Supporting City is beyond dispute one of life's bleaker sporting pursuits, but there was no shortage of takers on yesterday's evidence. The shifty touts were patrolling Maine Road's environs before the match muttering "Who's got tickets to spare?"
Not many, apparently.
The occasion was a sell-out and inside the stadium the blue-shirted punters were happily piling into pints and pies, clearly oblivious to their chairman's warning, issued yesterday, that more people were on their way out of the club and nobody was coming in.
"At least another 10 players will have to go to reduce our squad to below 30," announced David Bernstein as a less than fulsome welcome to the new season. "We had 54 in the first-team squad in March and now that is down to 39."
But no player would leave City, Bernstein insisted, if the manager, Joe Royle, wanted him to stay. "There will definitely be no significant signings at the moment," the chairman added. "Joe signed four players towards the end of last season and that has given him the additional ammunition he needs."
The home fans had all the ammunition they needed for a great afternoon's kick-off: warm, sunny weather, a full house and the festival atmosphere of a side which had ended last season by collecting a championship rather than being hit with relegation. City were welcomed, for heaven's sake, with a standing ovation. No wonder Bernstein paid tribute yesterday to the club's "magnificent supporters".
City's captain Jamie Pollock, "a new, slimmer version" according to the programme after shedding a stone over the summer, was always prodding his men forward from midfield and never hesitated to have a dip himself whenever the opportunity arose. With a quarter of an hour gone he muscled his way through after a partly cleared corner to hit a left-footer straight at Steven Banks.
In their all-tangerine outfits Blackpool looked fetching but rarely rose above the purposeful, though that proved sufficient for a long time against a City side which persisted in weaving unproductive patterns despite the admirable industry of the diminutive Paul Dickov up front.
When the first goal came, in the 26th minute, Dickov was inevitably its source. Blackpool pulled up, thinking a free-kick had been awarded near their by line, but Dickov's insistence in playing on was encouraged by the referee. The ball was slipped low to Shaun Goater, whose close-range effort was clawed back by Banks, but the linesman indicated the ball had crossed the line.
Goater might have had two more but first he was beaten to Gary Mason's excellent cross and then, when Banks dropped a looping ball, the City man could not force it home.
Blackpool's best, and virtually only, chance fell to Phil Clarkson, who held his head in dismay after hitting the top of the bar from six yards.
Another standing ovation greeted City's half-time exit but reality, if any of the fans chose to take notice, intruded with the announcement of the first half-time score of relevance in their new division: Bournemouth 2 Lincoln 0.

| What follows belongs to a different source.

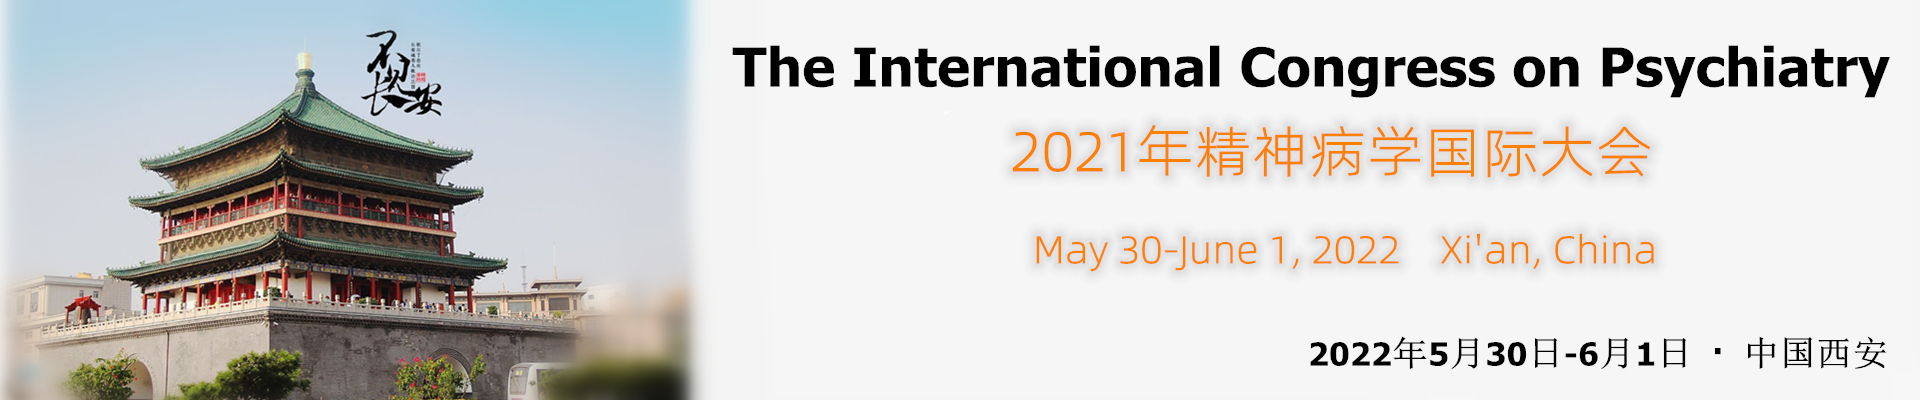 The International Congress on Psychiatry (CP 2022)

Blackpool, who cannot have played in front of such a crowd since the days of Matthews and Mortensen, were forced on to the defensive for most of the second half as Dickov, running wide to both wings, produced the openings to prise apart their defence.
City made the match secure just past the hour with a superb second goal. Mason began it with a fine ball out of defence which sent Dickov away inside his own half. He sprinted as far as the edge of Blackpool's penalty area before releasing the ball to his right for Lee Bradbury to drive it left-footed just inside Banks's right-hand post.
It was Dickov who produced the cross for City's third, 11 minutes from the end. The ball bounced around in a tangle of tangerine and blue shirts until it was seized and driven home emphatically by the Georgian Kakhaber Tskhadadze, whose strike was far simpler than his name. This new division is easy stuff. Now bring on Wrexham.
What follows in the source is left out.